### [Try it]
Give all of the data again exactly as written, omitting every image.
Information provided Block Start
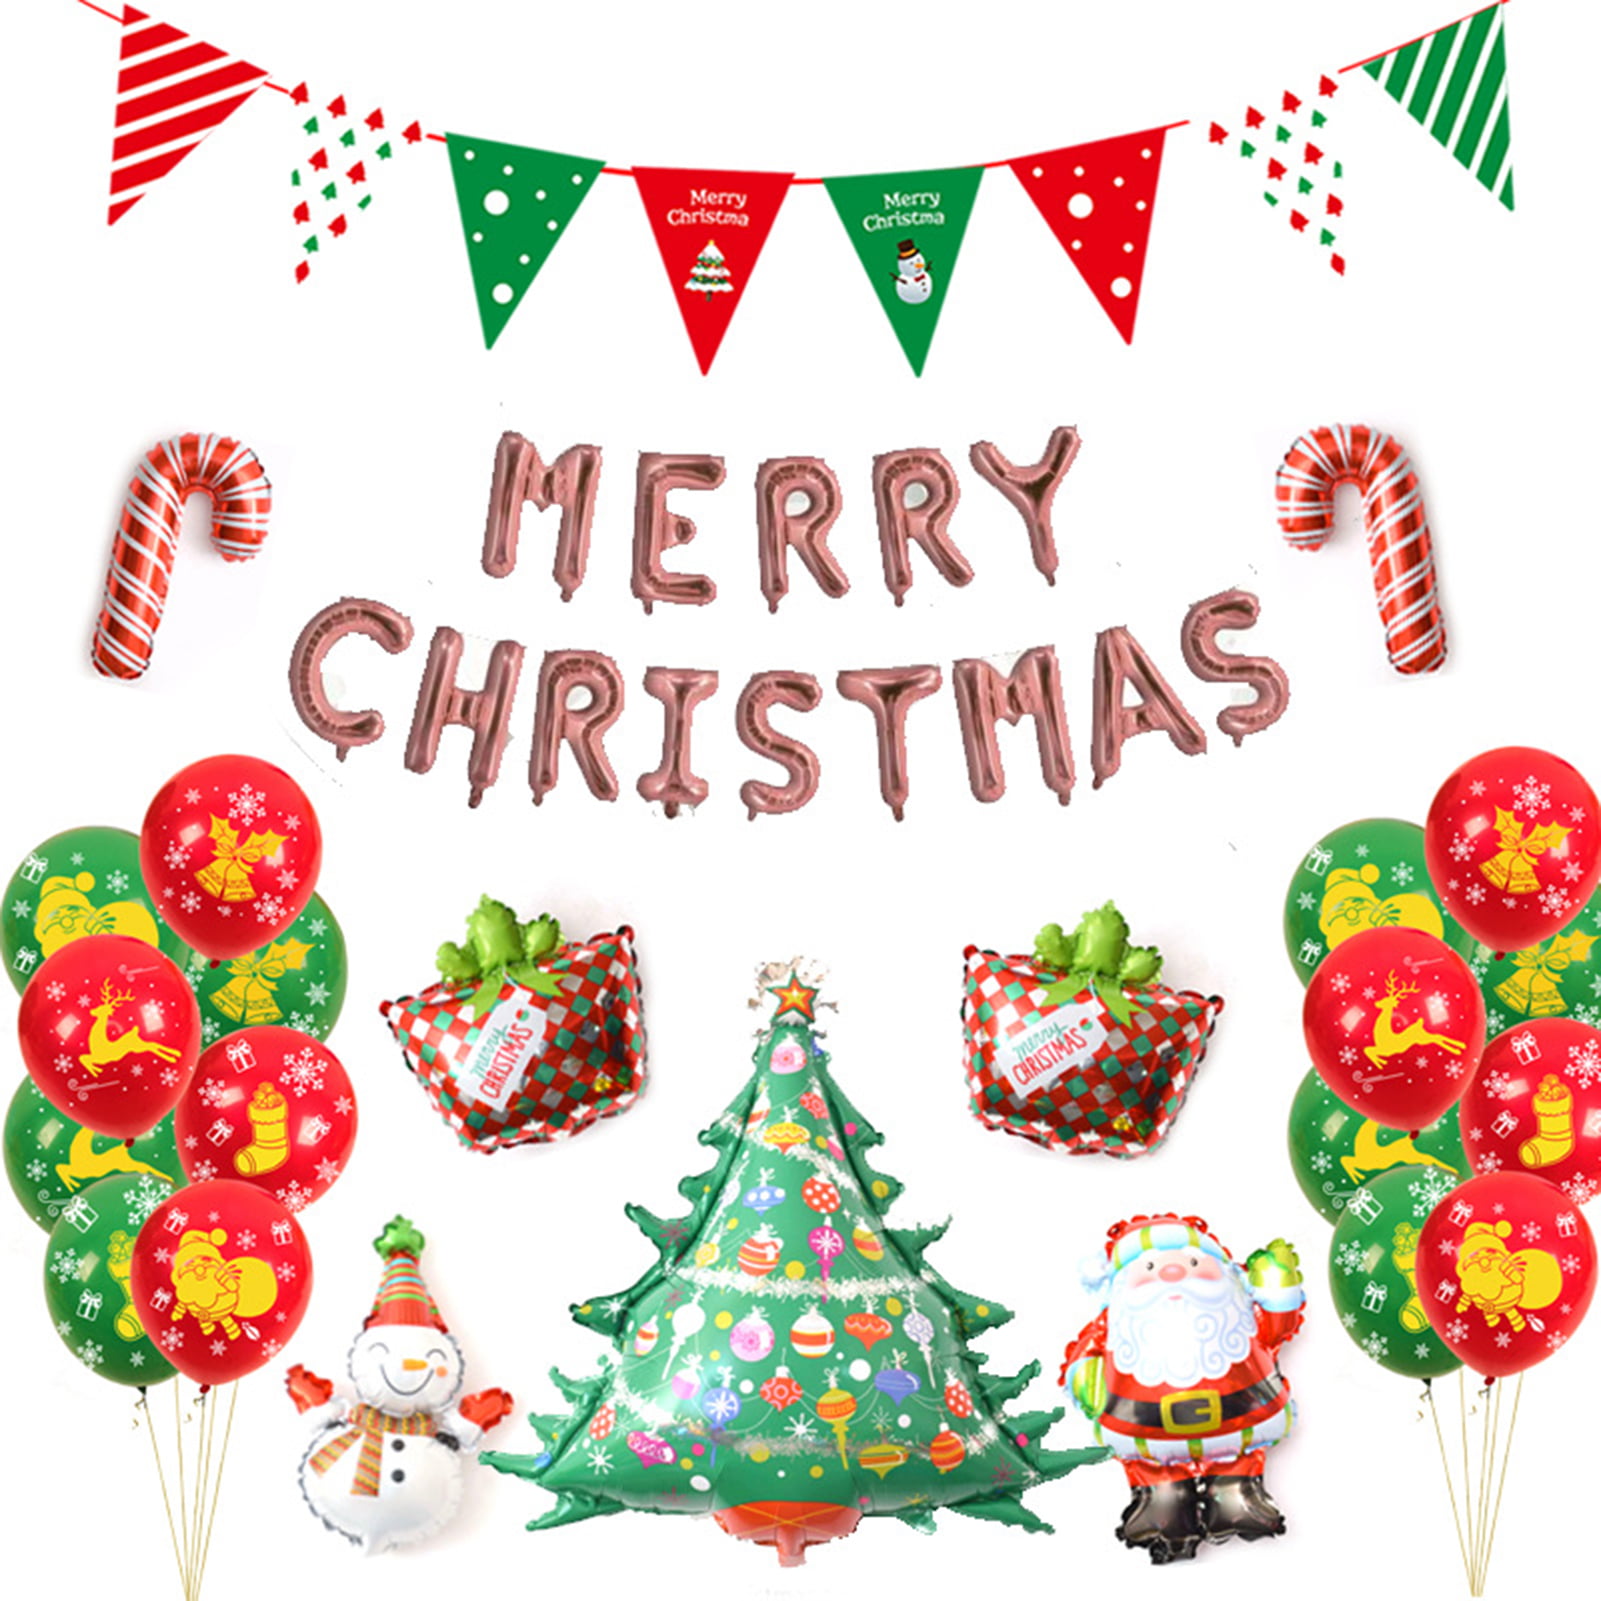 Details about   16 inch Foil Balloons Letter Combinations " MERRY CHRISTMAS " Party Decoration 
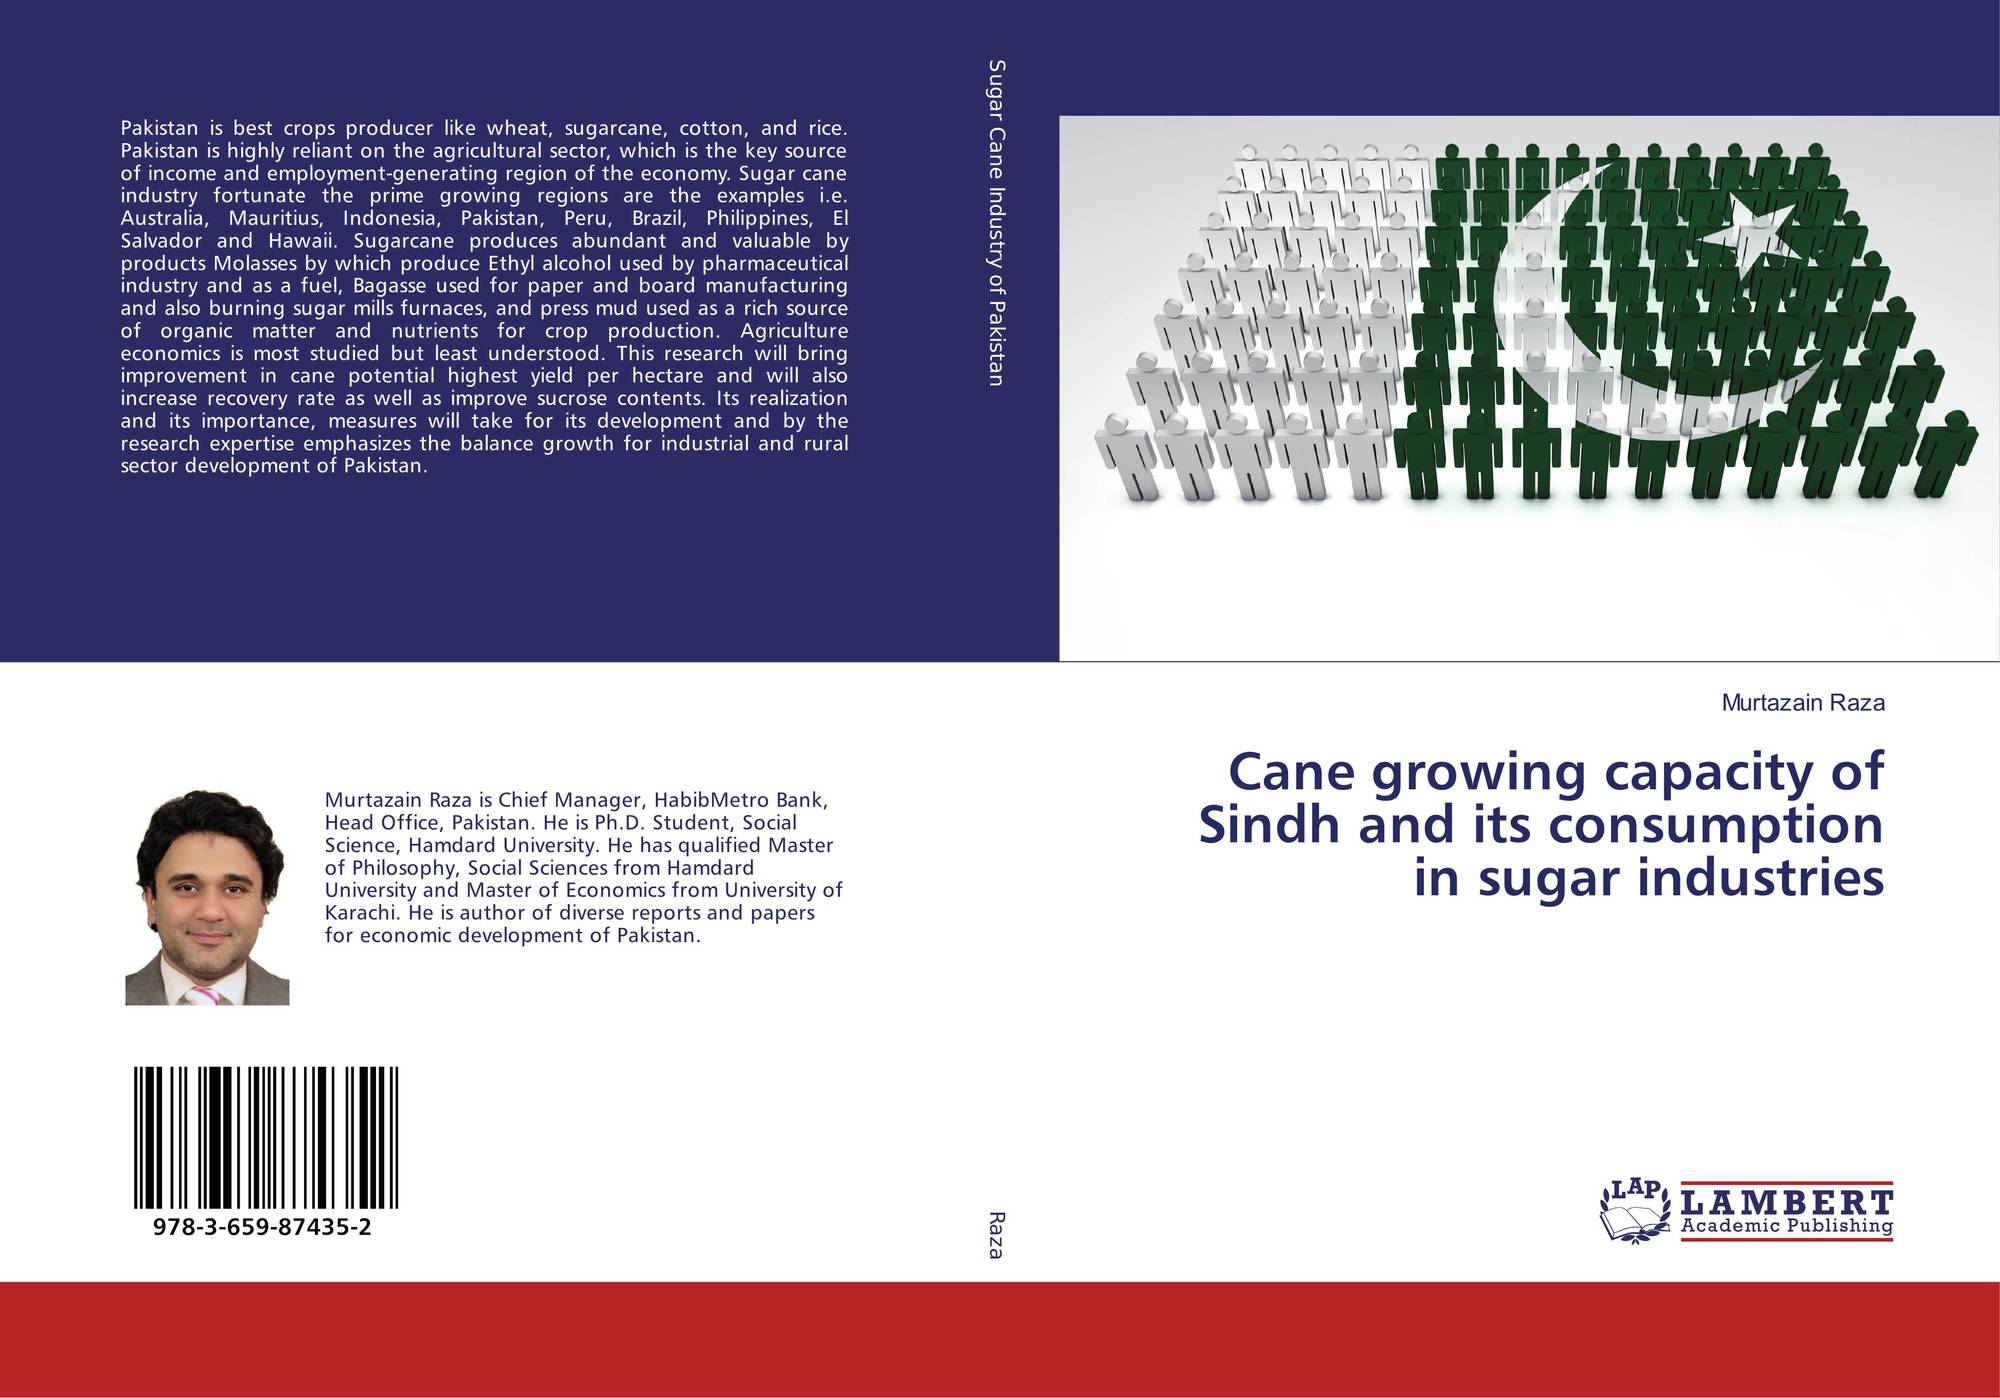 cane growing sugar sindh consumption industries capacity its
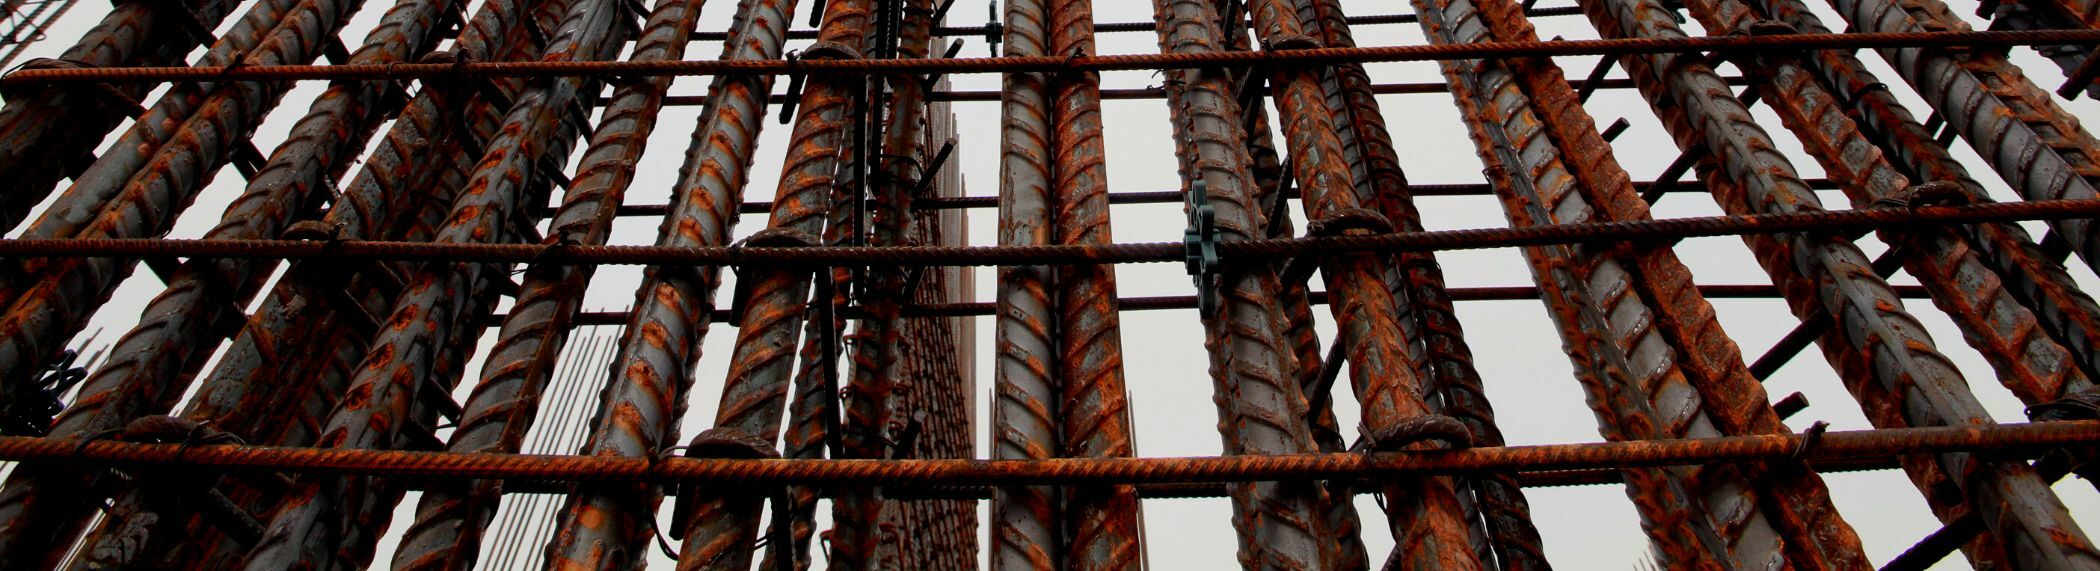 Rebar on a construction site
Information provided Block End
### [Task solution]
 Details about   16 inch Foil Balloons Letter Combinations " MERRY CHRISTMAS " Party Decoration 
 cane growing sugar sindh consumption industries capacity its
 Rebar on a construction site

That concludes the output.